= DATA =
# # # # #

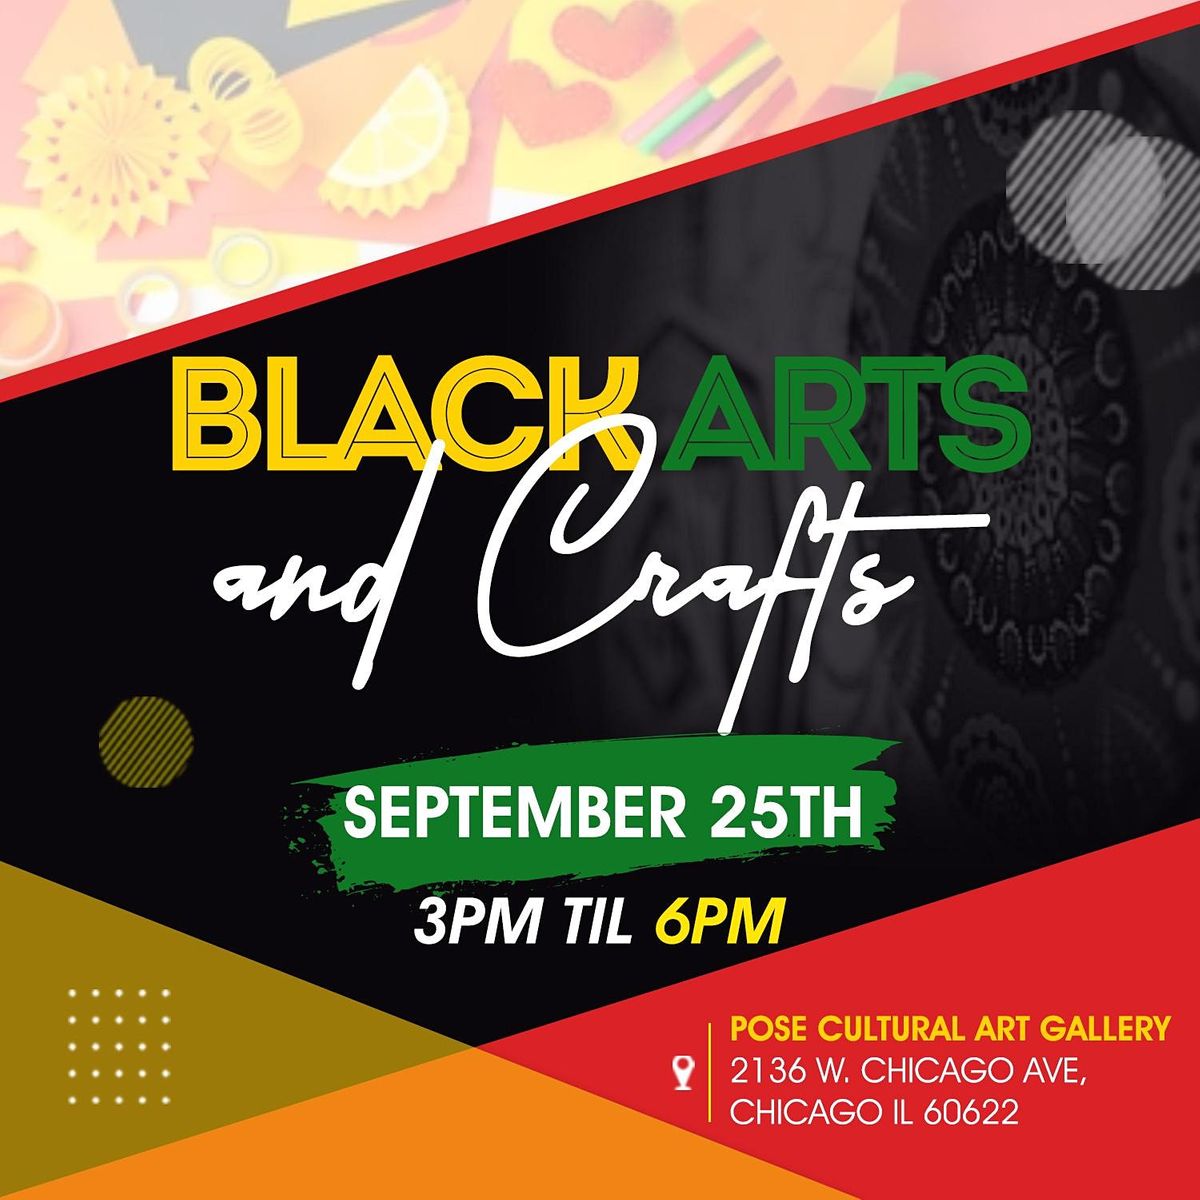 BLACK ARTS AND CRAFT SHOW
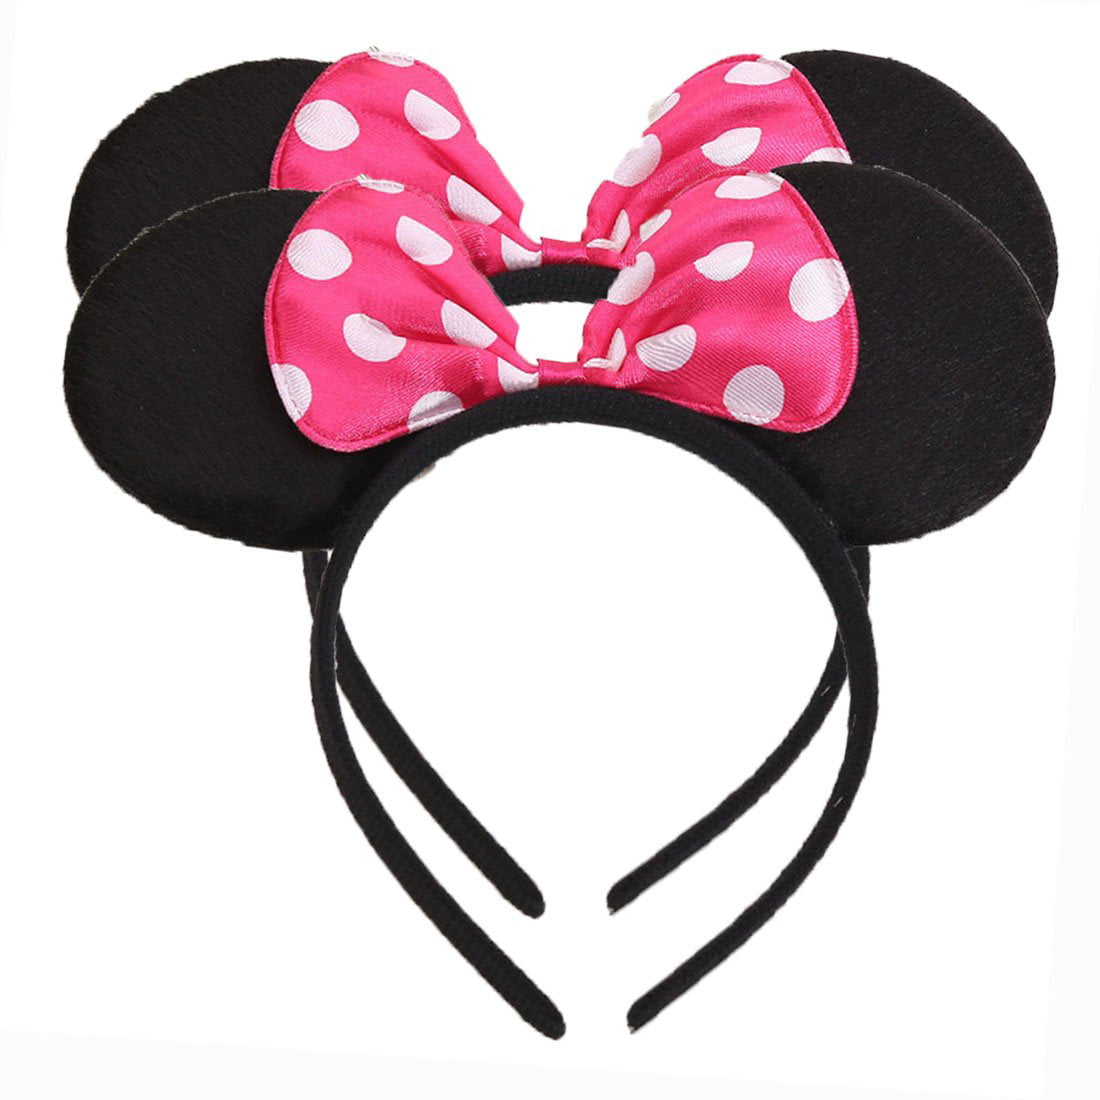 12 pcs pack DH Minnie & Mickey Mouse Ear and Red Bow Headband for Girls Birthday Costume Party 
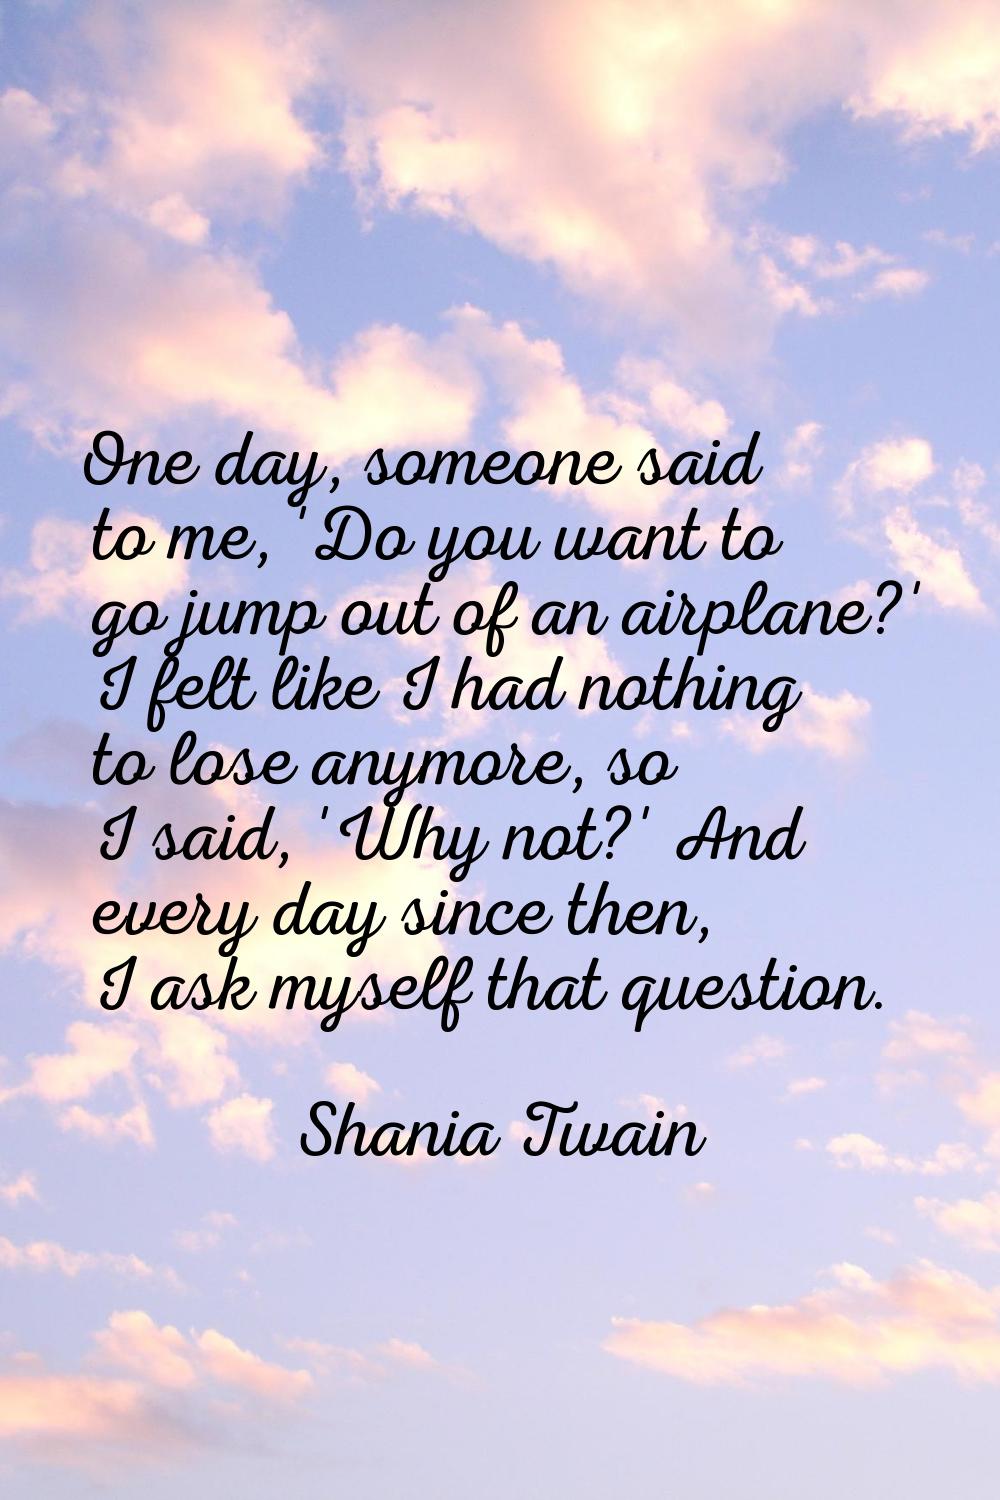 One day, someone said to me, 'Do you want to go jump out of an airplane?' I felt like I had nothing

# # # # #

Without altering anything, output all the lines above but none of the images.

 BLACK ARTS AND CRAFT SHOW
 12 pcs pack DH Minnie & Mickey Mouse Ear and Red Bow Headband for Girls Birthday Costume Party 
 One day, someone said to me, 'Do you want to go jump out of an airplane?' I felt like I had nothing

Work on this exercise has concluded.